Triphibian’s suspended cantilever design ensures uniform pressure distribution around the sensing element, mitigating pressure spikes and burst levels. Consequently, it exhibits inherent robustness compared to backside-exposed alternatives, which are susceptible to pressure differentials between the glass pedestal and wire bonding sides.

This design minimizes local stress and improves durability, allowing the sensor to withstand transient pressure spikes of up to 2000 bar/msec and static bursts of up to 210 bar without additional damping. Additionally, it provides the sensor with a rapid response time of 0.4 milliseconds, facilitating real-time monitoring in environments where conditions change quickly.

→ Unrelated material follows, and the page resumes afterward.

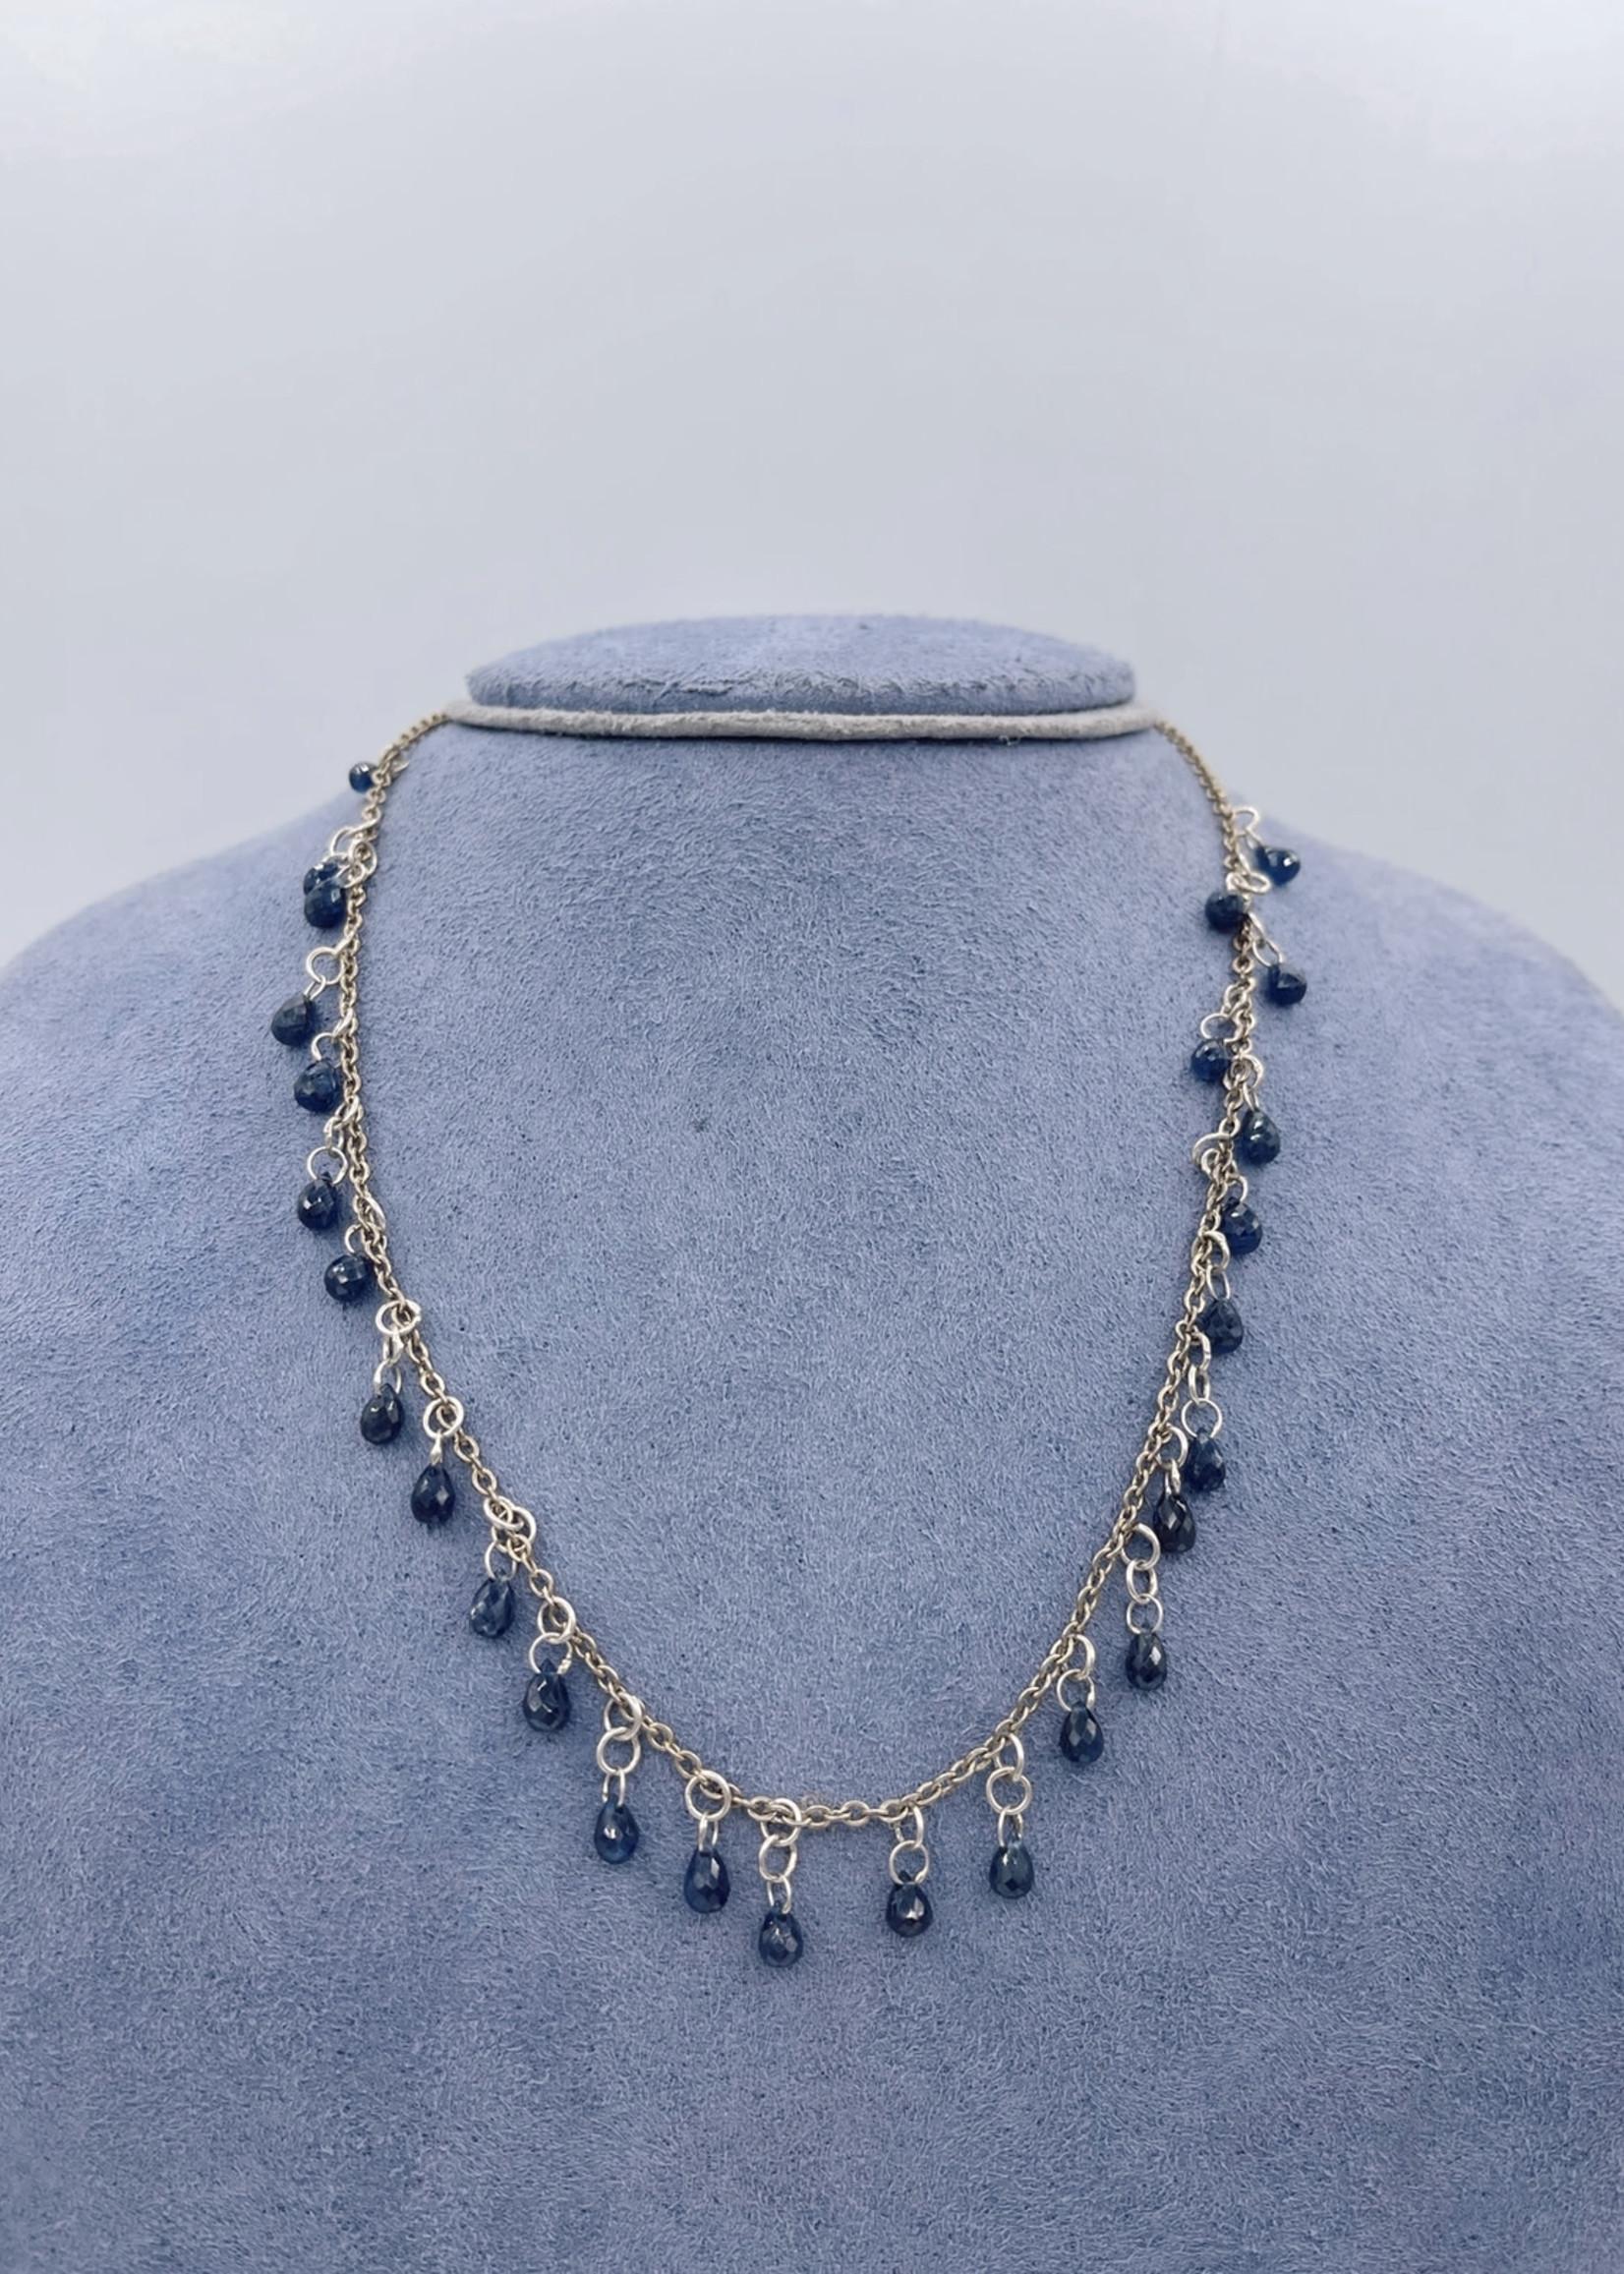 CJ Designs Blue Sapphire Necklace

The factory calibration helps to ensure a consistent accuracy of ±0.5% over the sensor’s lifetime. This cutting-edge performance represents a significant advancement in pressure sensor technology, offering unprecedented accuracy over the sensor's lifetime, helping to elevate performance in a variety of control systems that require stringent tolerances throughout their entire operational lifespan. Furthermore, the factory calibration helps to streamline system assembly by eliminating the need for external calibration.

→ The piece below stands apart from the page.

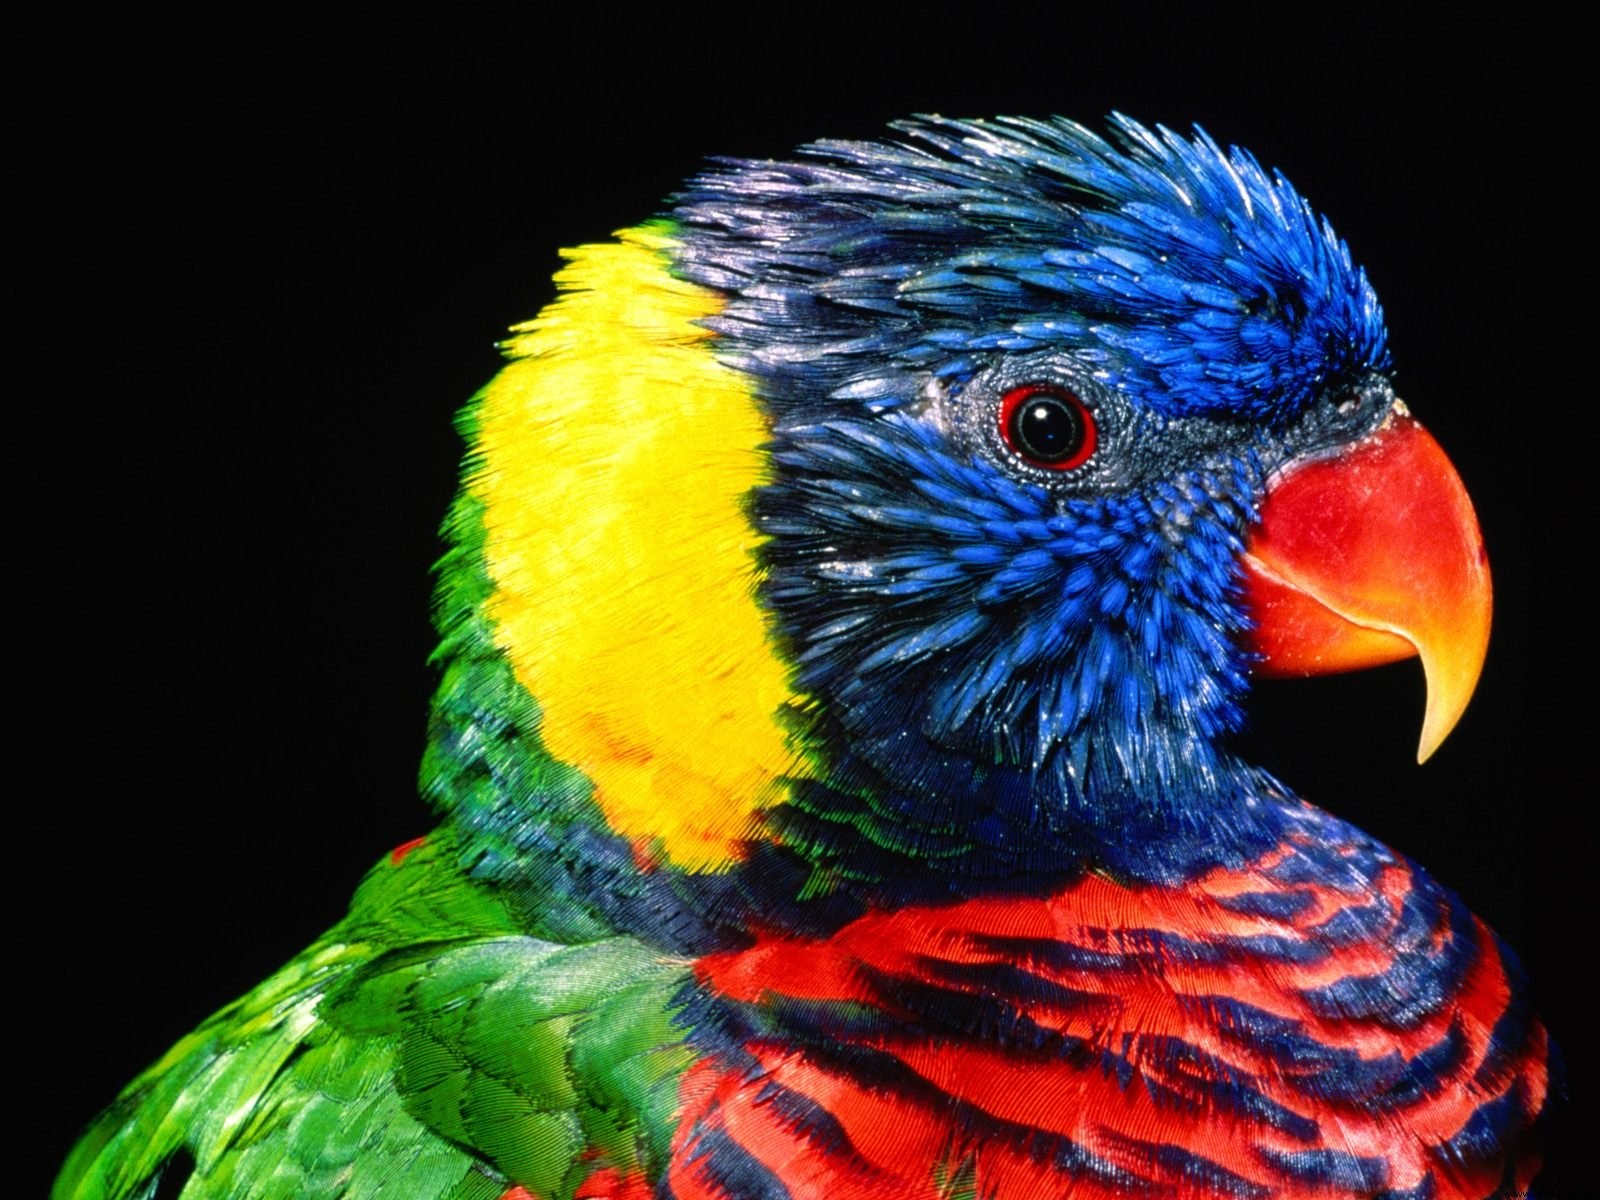 Rainbow Colorful Parrot Bird Wallpaper HD Wallpapers 1600x1200

System assembly is further enhanced by the physical design of the Triphibian sensors. Housed in a compact SOIC16 package, the sensor integrates an analog front-end, a 16-bit digital signal processor (DSP), voltage regulators, and output drivers into one system-in-a-package solution. This feature set reduces the overall sensor footprint, simplifies the PCB layout, and removes the need for extensive post-assembly calibration, making it easier for designers to incorporate the sensor into both new and existing systems.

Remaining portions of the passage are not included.